On 8 March 2016 at 09:43, Marek Posolda <mposolda@redhat.com> wrote:
+1 to remove it.

We can always re-add or add something different if people start to complain ;-)

I guess that earlier or later, we may still need a possibility to configure hostname for keycloak server. I think that there were people with funky deployments having issues even if they don't use auth-server-url-for-backend-requests. Other possibility instead of introduce hostname might be to introduce list of valid URLs on adapter side, which are acceptable as issuers of access token. But who knows, maybe everyone can somehow fix his deployment and we won't need anything :-)

I don't think we'll need it, nor do I think we need a list of valid URLs on adapter side. It's a slippery slope to do that, both in terms of usability and security. Token should be issued by a specific Keycloak server (and hostname is important here) and a token issued by one Keycloak server with one hostname is not equivalent of a token issued by another server.

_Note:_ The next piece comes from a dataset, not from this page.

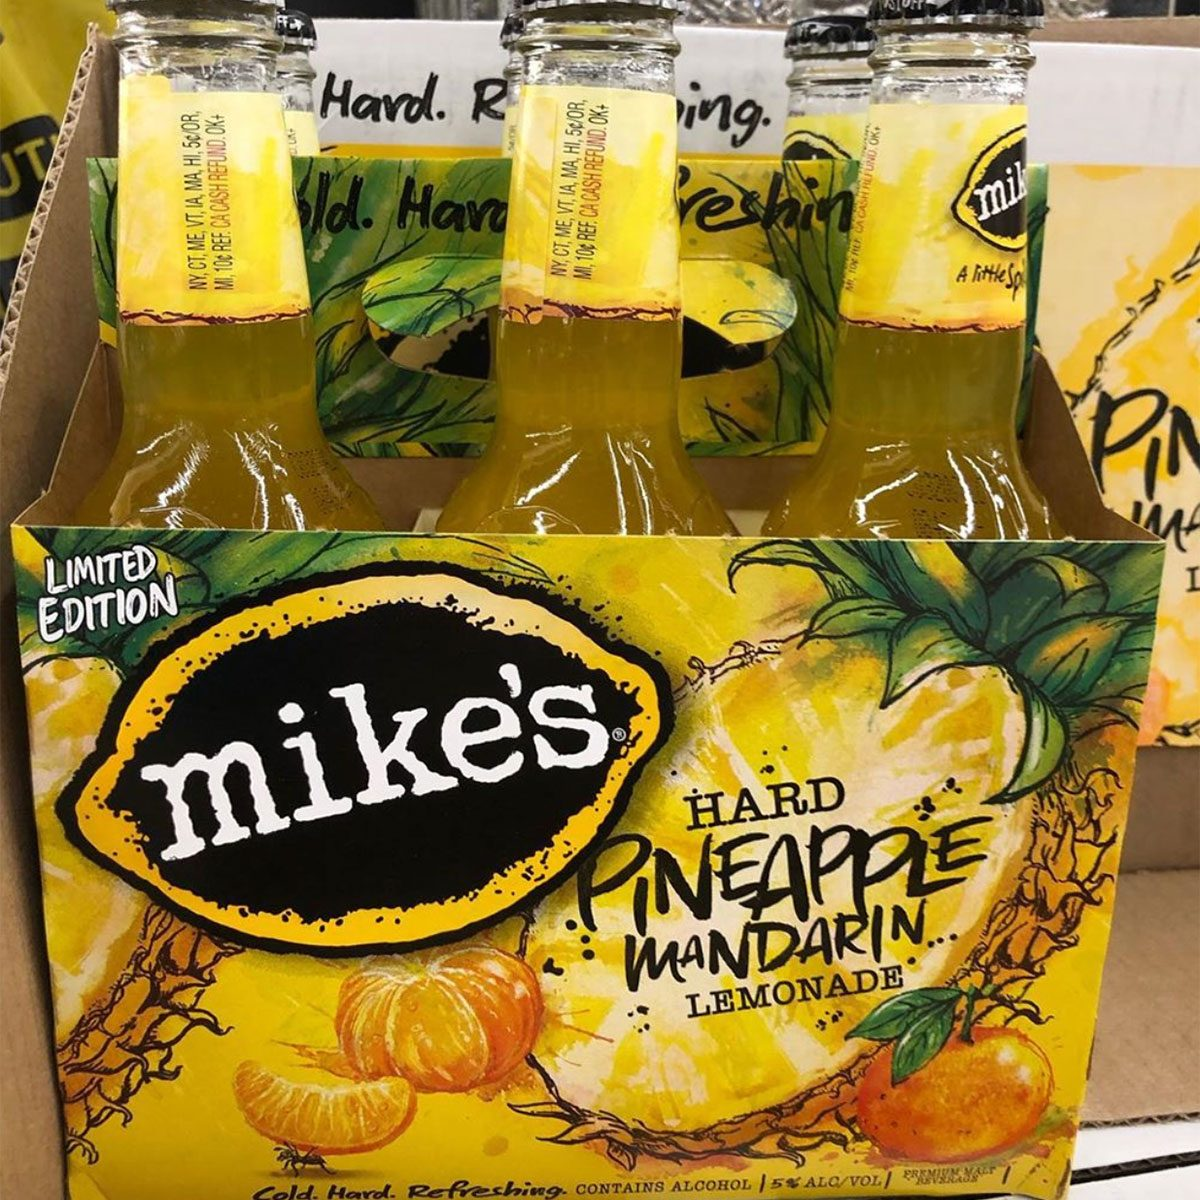 Mike's Hard Pineapple Mandarin Lemonade

If someone can't configure DNS or hostnames they'll just have to invoke it through the reverse proxy or load balancer. In fact in a cluster you most likely will have to go through the load balancer in either case.
 


Marek


On 08/03/16 09:08, Stian Thorgersen wrote:
Currently we allow adapters to configure two urls for Keycloak (auth-server-url and auth-server-url-for-backend-requests). I propose we remove auth-server-url-for-backend-requests.

The auth-server-url-for-backend-requests property was added as a way for adapters to invoke Keycloak directly without having to go through a load balancer or reverse proxy.

The issue with auth-server-url-for-backend-requests is that the Keycloak server will not know the adapter is invoking Keycloak from a different URL, which results in invalid URLs in tokens and also if any links are generated (for example verify email). 

It also means that there's a need to have two separate certificates configured for Keycloak as there are different hostnames.

The currently proposed solution is to add a way to configure the hostname for the Keycloak server. However, this is an extra configuration requirement and is also a significant amount of work to implement as well as potentially quite error prone. This could further be problematic if there is indeed two valid URLs for a server (for example http://company.com and http://internal.company.com).

We should simply remove auth-server-url-for-backend-requests. If anyone wants to bypass the load balancer for internal machines that should be solved at the DNS level or by adding entries to the host file. As the hostname remains the same there's no need for multiple certificates, nor is there a need to hardcode the address on the Keycloak server itself.